Given their past behavior, I expect that they will rig any bid for county legal services to go to some political croney and the taxpayers will end up funding incompetence. We just have to hope that the incompetent won't also cost us a ton of money in otherwise-preventable lawsuits.

-------------------------------
If you and I are always in agreement, one of us is likely armed and dangerous.

Submitted by tonto707 on Sat, 06/30/2007 - 3:12pm.

law above all, aka Janet Dunn, is no lawyer at all, just a parrot. And an ignorant parrot too, I might add.

Submitted by lawaboveall on Mon, 07/02/2007 - 5:25pm.

Every time someone logs on here to support a reasonable argument and you disagree, it has to be poor old Janet Dunn. You have no clue as to who I might be and never will. I present facts supported by reasonable information and all you can say is... ignorant parrot? That is so weak it is beyond comprehension. That all you got?

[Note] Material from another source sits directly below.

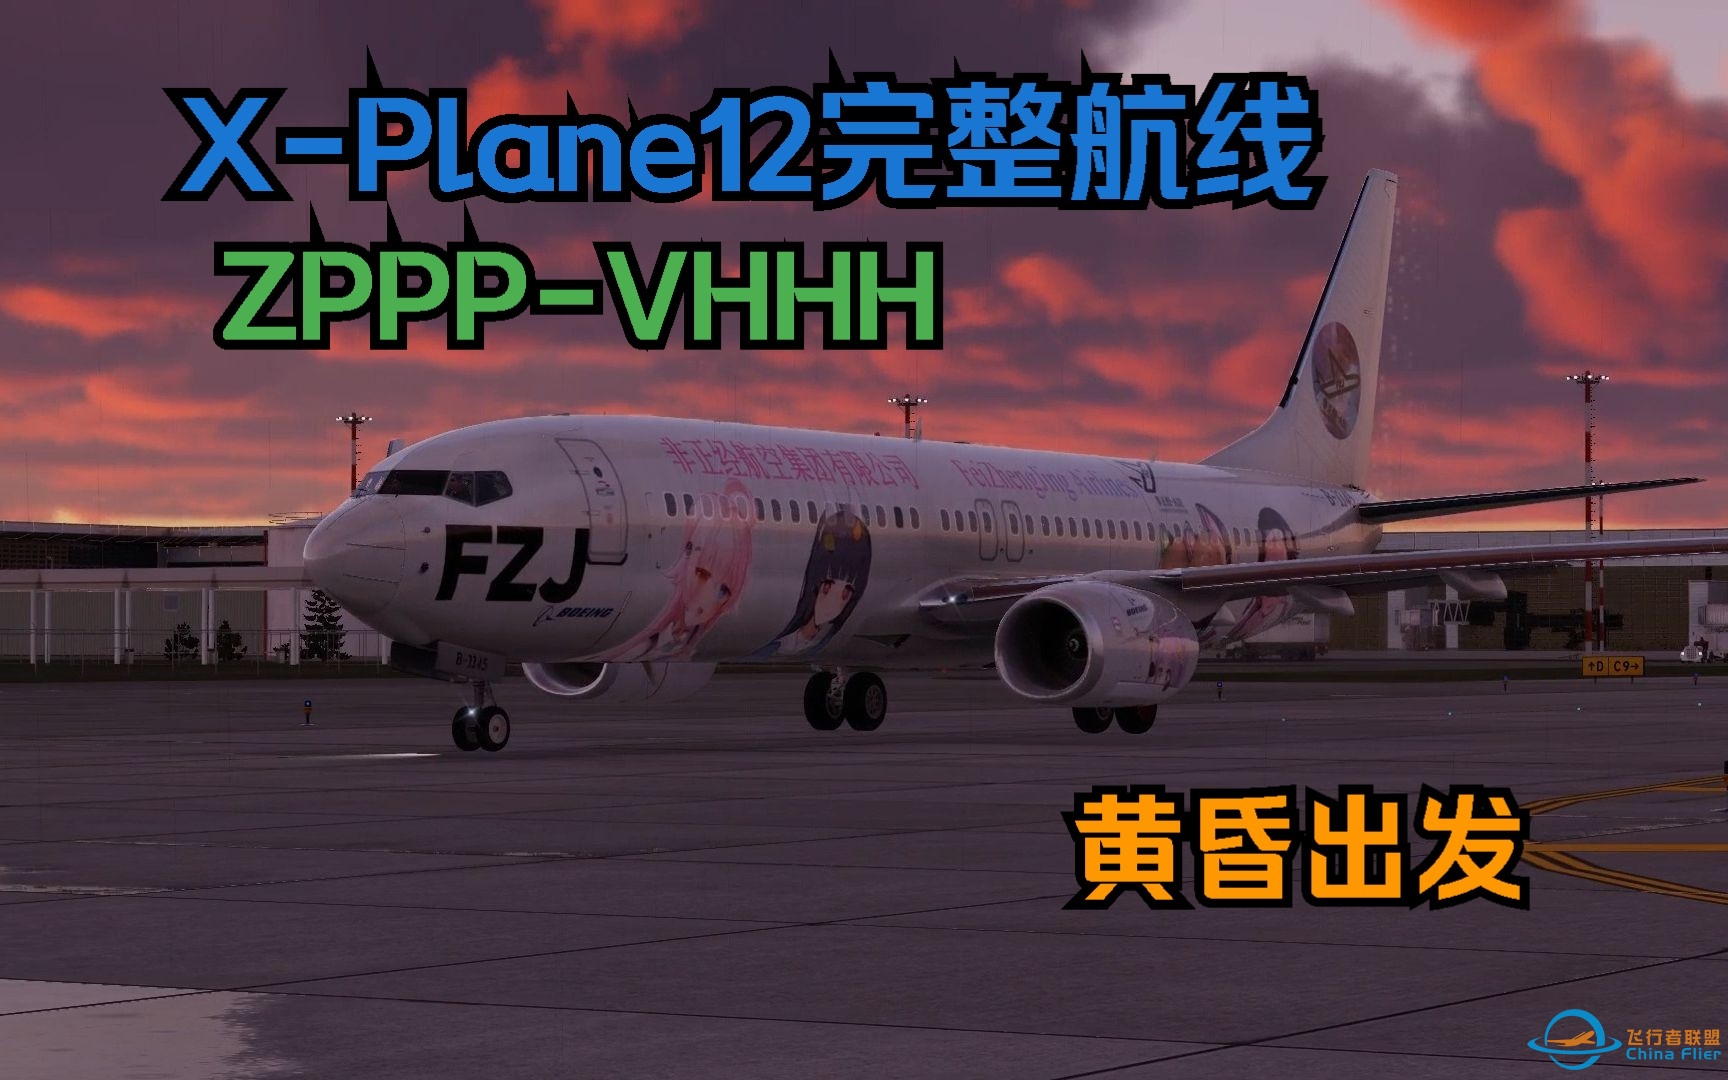 XPlane12完整航线：昆明-香港，欣赏极致夜景-6323

Why not just say something really mean like..yo momma, or fiddlesticks or some other equally mature response.

Calling some one ignorant because you are incapable of a counter argument is so typical of the weak of mind.

Submitted by dollaradayandfound on Sat, 06/30/2007 - 1:36pm.

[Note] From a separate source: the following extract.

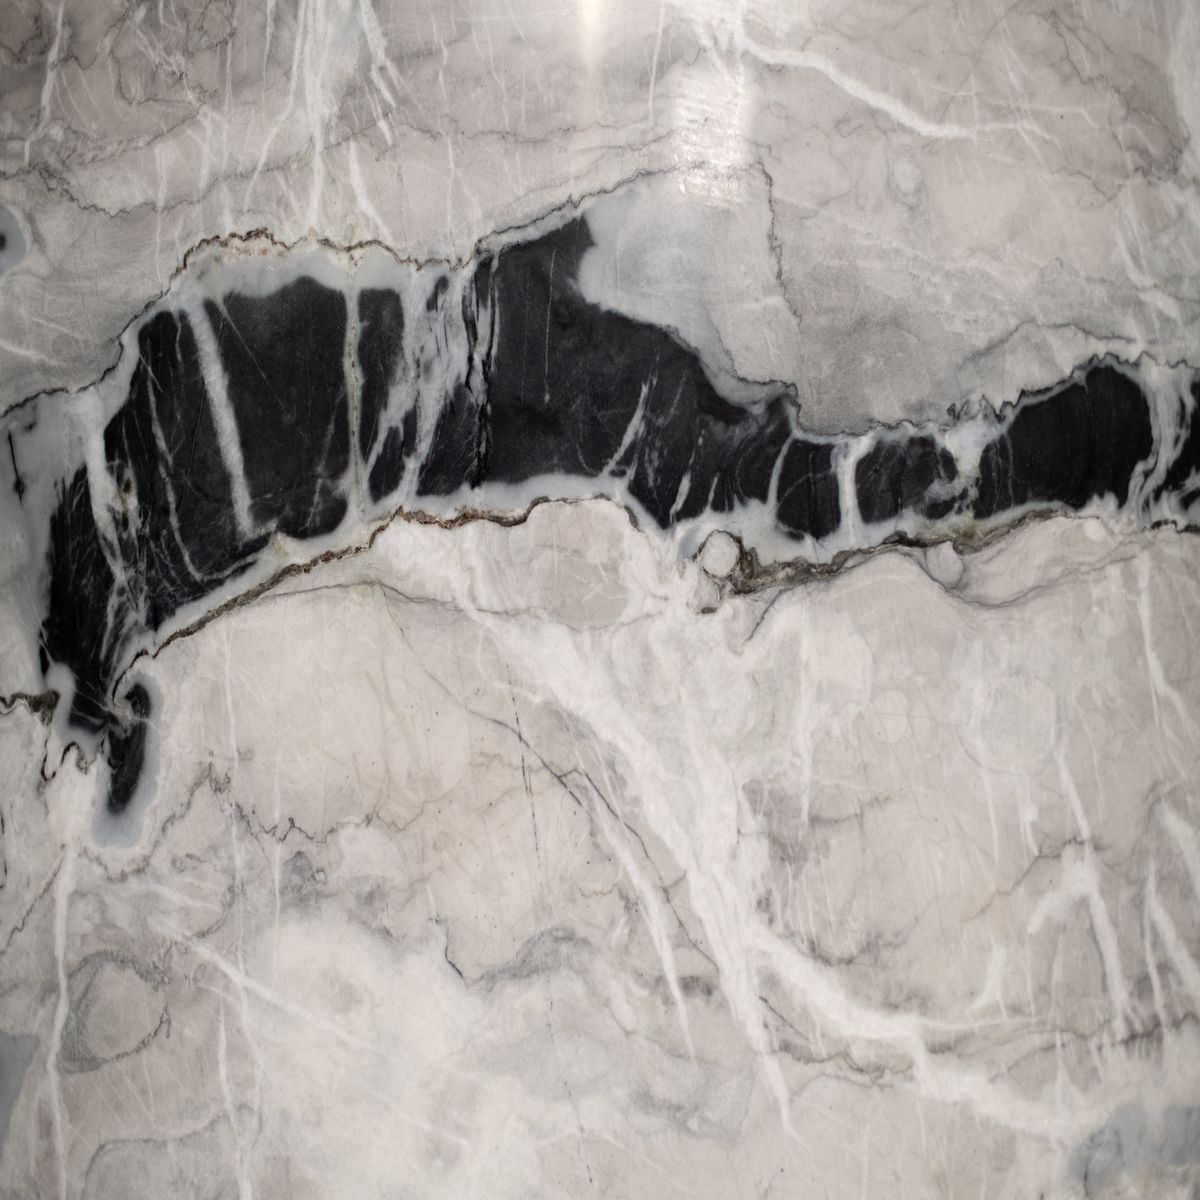 artic ocean - white ocean - atlantic white granites

I have never seen a bid sheet for a lawyer to fill out who is applying for a right to represent the city.
I would suspect it says: I will charge (X$) per billable hour for my services.
I would suspect that the low bidder for the position is just as likely not to get the job as any one applying.
It all depends upon what the "deciders" know and like about each lawyer. After all, how does anyone know just how many billable hours there will be? I'm sure the bidders did make an attachment indicating how they would bill hours, but it will never say how many!
The only way you can have a fixed cost for lawyers is to hire one or more and forbid them to hire helpers as contractors.
Now, a municipality can not go without lawyers. Here is why: Your lawyer and the "Other" lawyer he is contesting will get together and actually see what is acceptable to each. That will be proposed and usually carries.
If you do not have a lawyer, well then?????? Lawyers do make all of the laws!

Submitted by loanarranger707 on Fri, 06/29/2007 - 2:55pm.

The first and foremost requirement of any job is showing up for work. Elected officials who can't show up for work shouldn't run for office, and they shouldn't be allowed to serve.

With the technology available today, officials who absolutely need to be physically away can always make arrangements to attend by teleconferencing. It probably ought to be at their own expense, but they perhaps could be allowed two freebees a year.